I was trying to read a CSV file in Python using the below command and got an error.
Error: UnicodeDecodeError: ‘utf-8’ codec can’t decode byte 0xe6 in position 11: invalid continuation byte
import pandas as pd
df = pd.read_csv("users.csv")
What is UnicodeDecodeError?
Python uses “utf-8” as the default Unicode encoding on Mac OS X. This can be confirmed by the below commands:
import sys
sys.getfilesystemencoding()
sys.getdefaultencoding()
Both of the above commands resulted in “utf-8” on Mac OS X.

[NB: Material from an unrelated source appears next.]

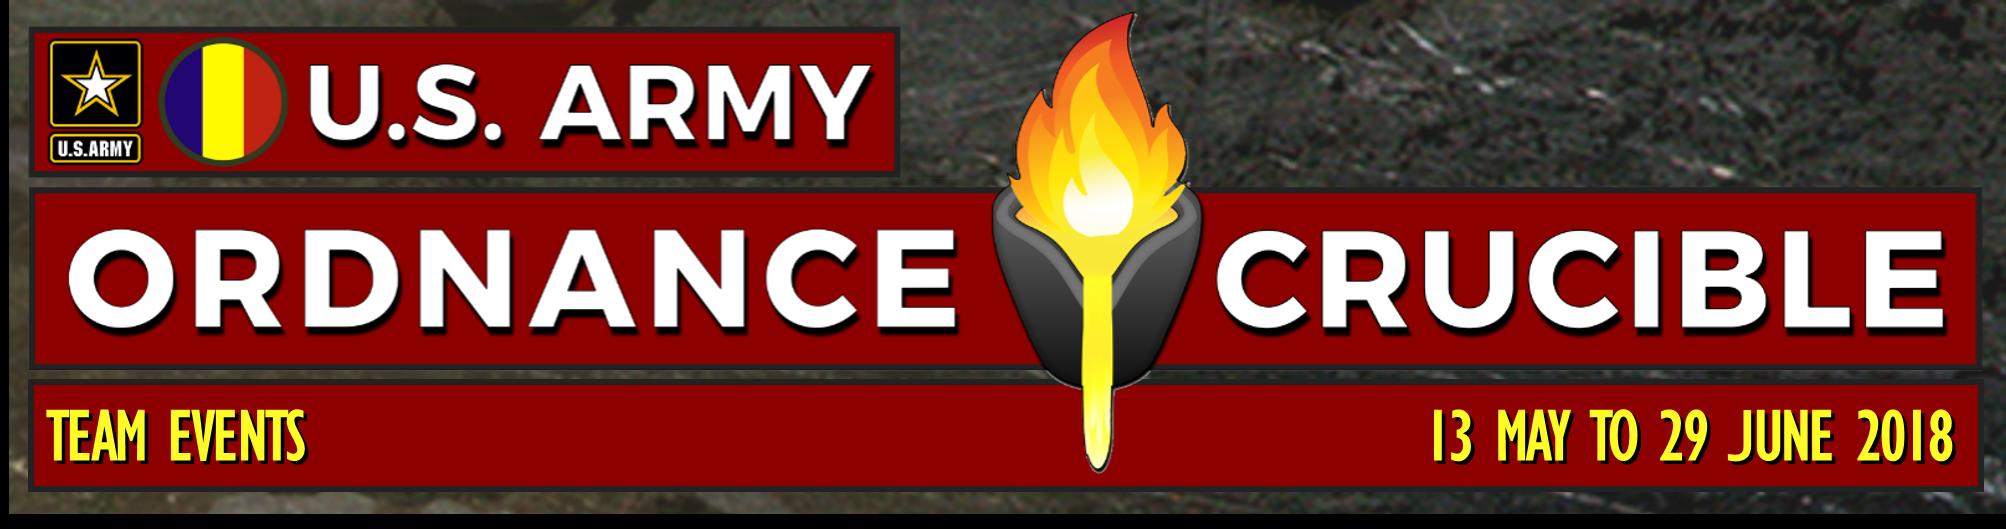 Ordnance Crucible banner

Well, still something was missing. I want a direct answer as to why I am getting the above error and what is the solution. Finally, I got my answers.
My users file as some names like “ÿstergaard Dennis” and ÿ is an invalid byte sequence in utf-8.
Try below command:
str(b'xff', 'utf8')
This will raise the same UnicodeDecodeError.
Now, Try the below command:
str(b'xff', 'iso-8859-1')
The same byte sequence is valid in another charset like ISO-8859-1.
This leads to the solution!
df_users = pd.read_csv("takehome_users.csv",encoding = "ISO-8859-1")
The above command worked perfectly and my data is loaded.